A corpus is a collection of documents that will be processed through the Ontology Pipeline.


In [4]:
# Create a corpus for our documents
corpus = corpus_manager.create_corpus(
    name="Demo Corpus",
    description="Sample documents for demonstrating the Ontology Pipeline",
)

print(f"Created corpus: {corpus.corpus_id}")
print(f"Name: {corpus.name}")


Created corpus: 40480027-952b-48d7-8c05-ac924e0f6671
Name: Demo Corpus


## Step 2: Add Sample Documents

For this demo, we'll simulate documents by directly inserting sample text.
In production, you'd first ingest documents using `spindle-ingest`.


In [5]:
# Sample documents about AI and machine learning
sample_texts = [
    """
    Machine learning is a subset of artificial intelligence that enables computers 
    to learn from data without being explicitly programmed. Deep learning, a further 
    subset, uses neural networks with multiple layers to model complex patterns.
    
    Supervised learning algorithms learn from labeled training data to make predictions.
    Common examples include classification and regression tasks. In contrast, 
    unsupervised learning finds patterns in unlabeled data, such as clustering.
    
    TensorFlow and PyTorch are popular deep learning frameworks used by researchers
    and practitioners worldwide.
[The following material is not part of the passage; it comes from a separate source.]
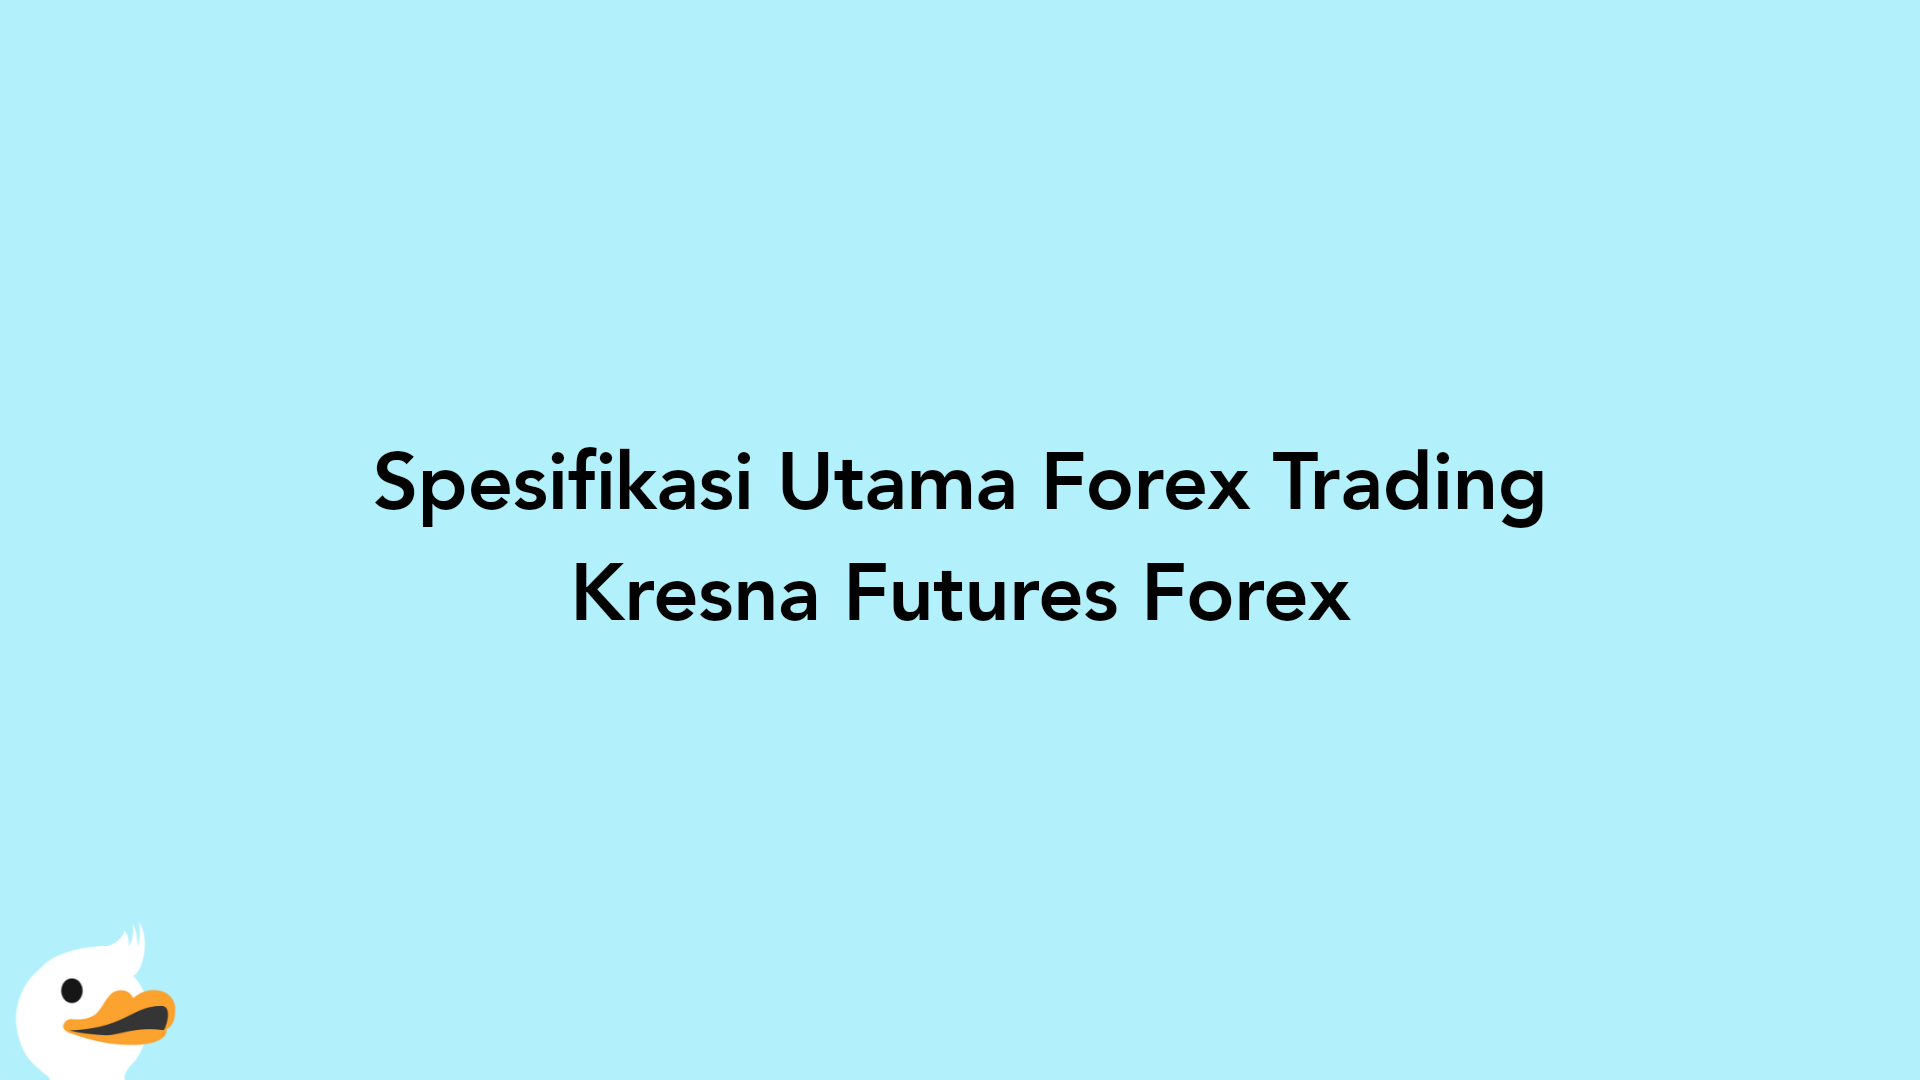 Spesifikasi Utama Forex Trading Kresna Futures Forex
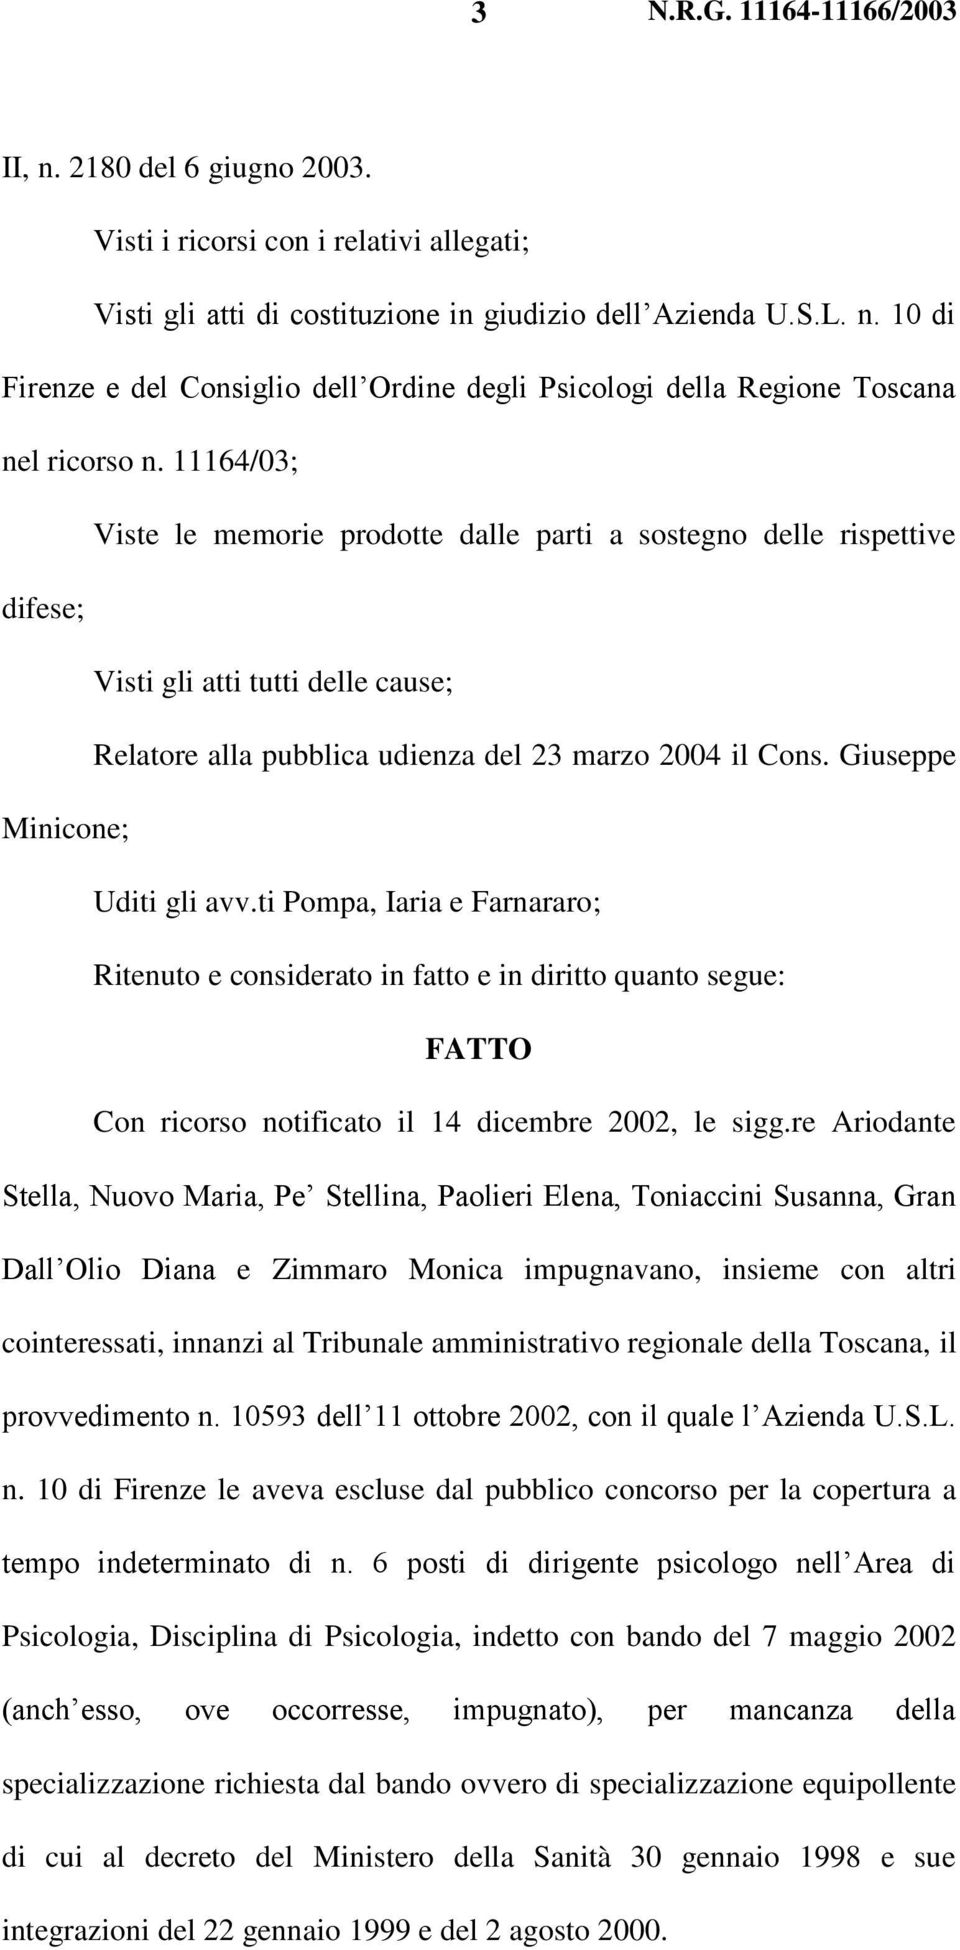 Giuseppe Minicone; Uditi gli avv.ti Pompa, Iaria e Farnararo; Ritenuto e considerato in fatto e in diritto quanto segue: FATTO Con ricorso notificato il 14 dicembre 2002, le sigg.

Google developed TensorFlow while Meta created PyTorch.
    """,
    """
    Natural language processing (NLP) is a field of AI focused on the interaction
    between computers and human language. Transformer models have revolutionized NLP,
    enabling breakthrough applications like GPT and BERT.
    
    Large language models (LLMs) are trained on massive text datasets and can
    generate human-like text, answer questions, and perform various language tasks.
    
    OpenAI developed GPT-4, while Google created PaLM and Gemini. These models
    use attention mechanisms to process sequential data effectively.
    """,
    """
    Computer vision enables machines to interpret and understand visual information
    from images and videos. Convolutional neural networks (CNNs) are fundamental
    to many computer vision applications.
    
    Object detection, image classification, and semantic segmentation are key
    computer vision tasks. YOLO and ResNet are influential architectures in this field.
    
    Applications include autonomous vehicles, medical imaging, and facial recognition.
    """
]

print(f"Prepared {len(sample_texts)} sample documents")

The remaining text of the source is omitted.